Its clipped, spoken verses carry the blunt repetition of The Fall and the deadpan detachment of Dry Cleaning. The chorus opens into something more exposed, with echoes of early Daniel Johnston and the eerie consolation of the Lady in the Radiator from David Lynch’s Eraserhead.

At the centre of the song is Pierce’s hope for an afterlife free from unfinished admin: “Heaven is a place with no list.”

For a moment, the song escapes the pressure of constant productivity. Then another task arrives.

Eilir Pierce

Along with a clip from a soon-to-be-released visual, Pierce shared a personal reflection on the song’s release which sadly followed the recent death of his sister.

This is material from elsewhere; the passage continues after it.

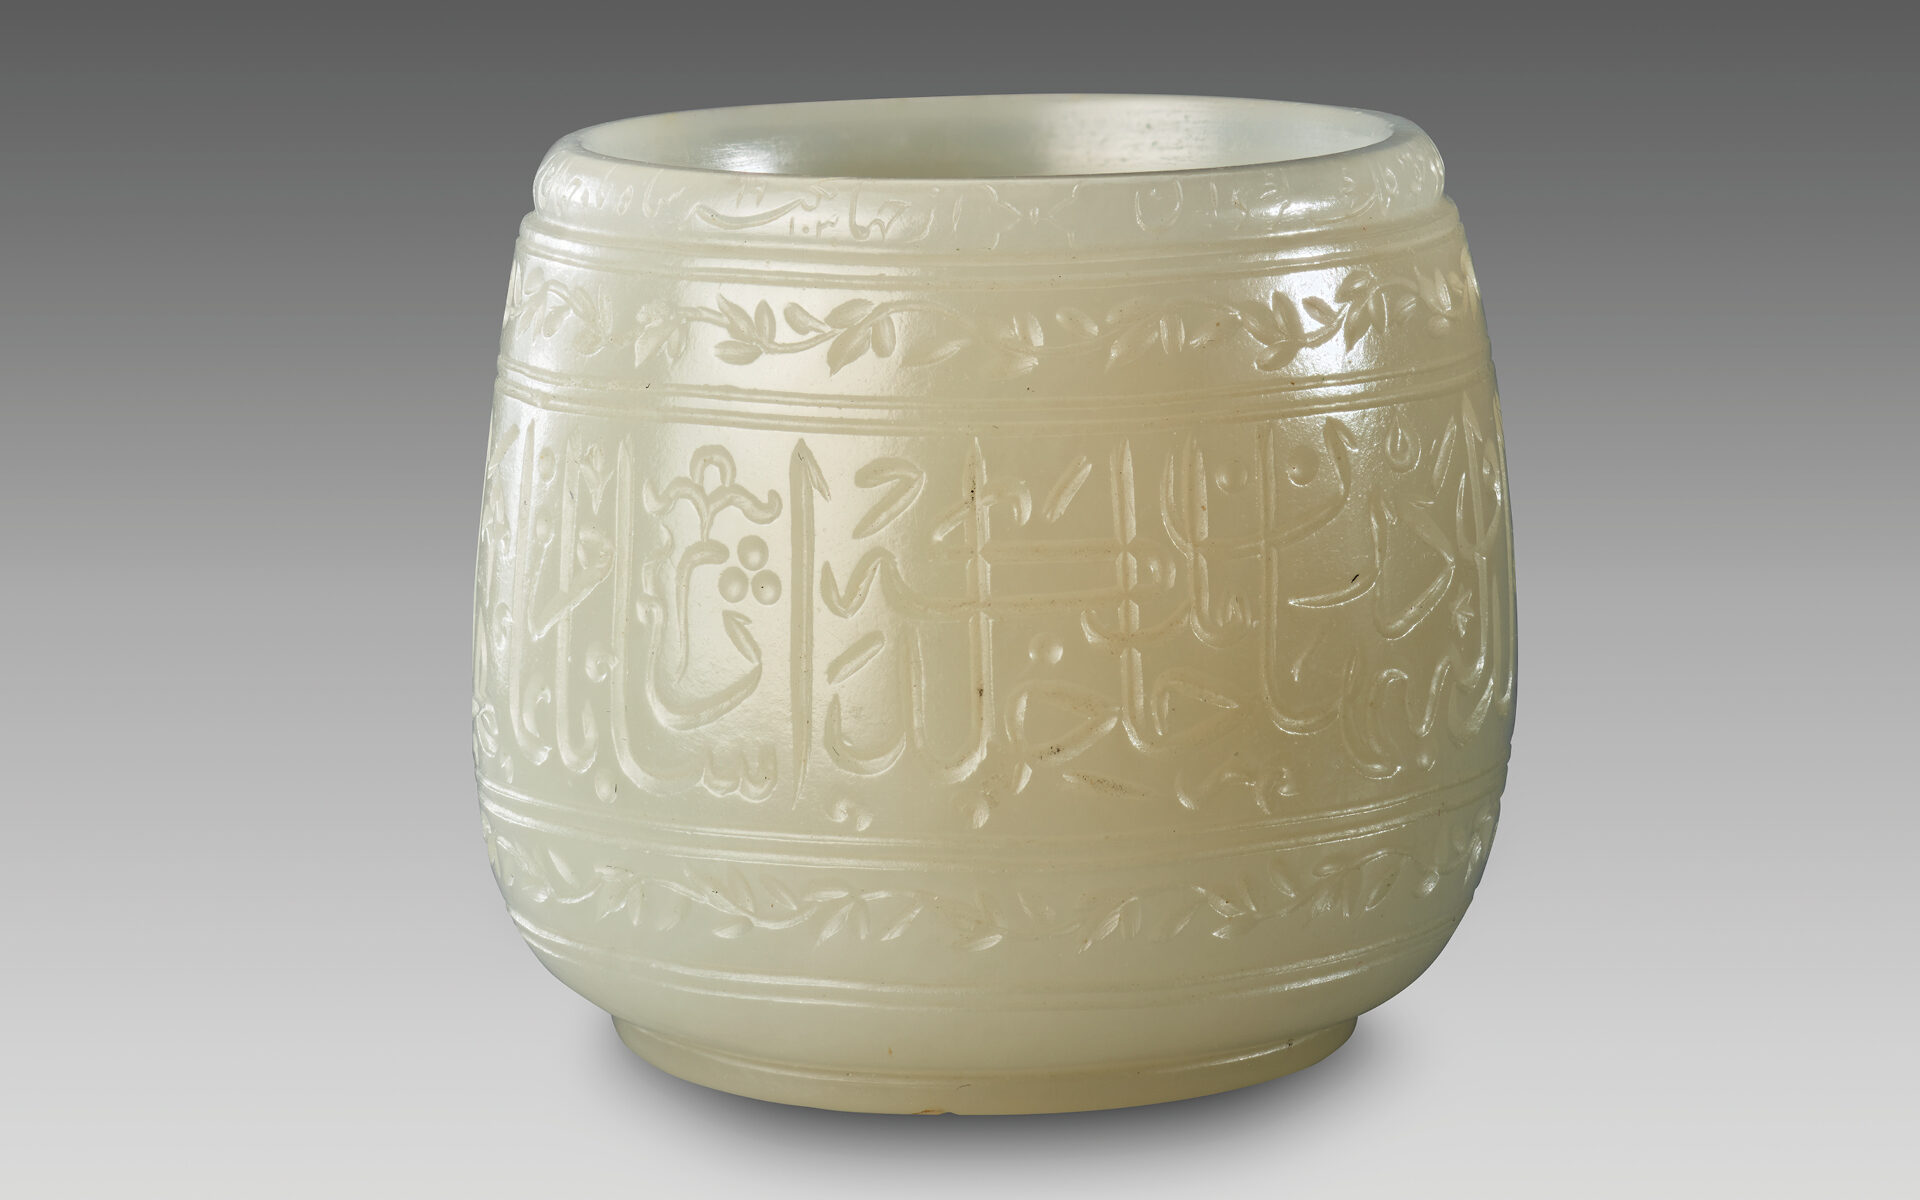 A small, shiny, cream-colored jade cup with Arabic script and flowers carved on the surface.
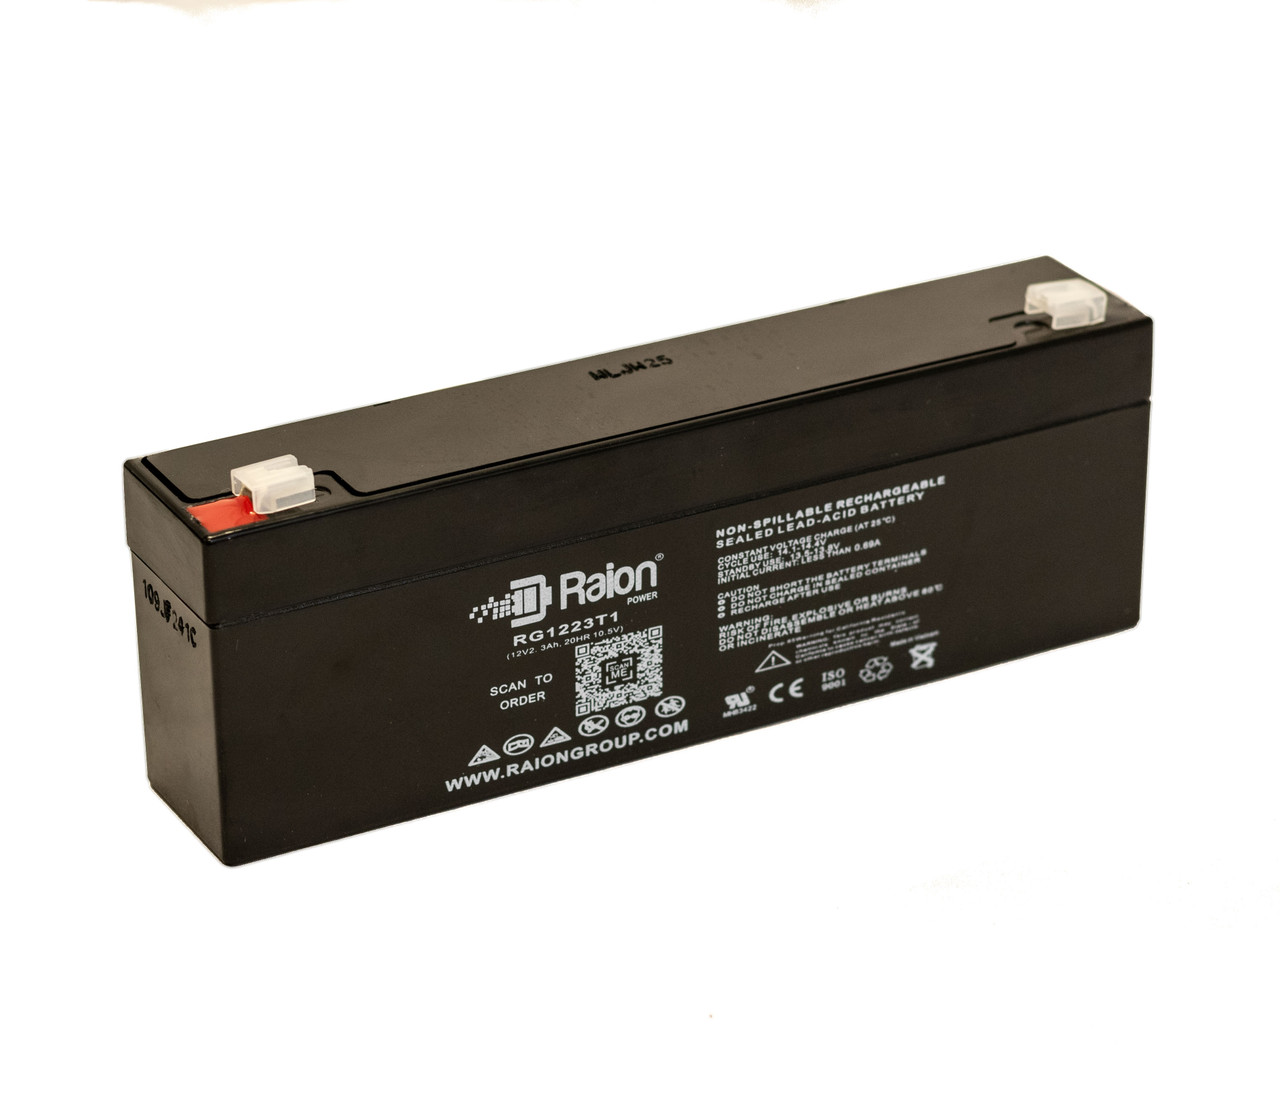 Raion Power RG1223T1 Replacement Battery for Criticare Systems 5070P VSM

He wrote: “My first single “Do-List” was already scheduled to stream today, long before we lost my sister last week. I don’t really know what to say or feel about the release anymore. The chorus says, “heaven is a place with no list”, and today that line feels very different to me.

“So this one is dedicated to Elain.”

Do-List is Pierce’s attempt to write a direct pop song after three decades of working largely on his own terms. It is also the first item in an increasingly unreasonable plan involving an album, musical, film, Fringe run and bid for middle-aged pop stardom.

Perhaps Pierce was born in the wrong era.

Or perhaps releasing a debut single after 39 albums is exactly the point.

 

Eilir’s 40th album, Half-Time is released on 23 October 2026. He is set to perform at Edinburgh Fringe from 7–30 August 2026

Keep up to date with Eilir at his website and Instagram and hear more on Spotify.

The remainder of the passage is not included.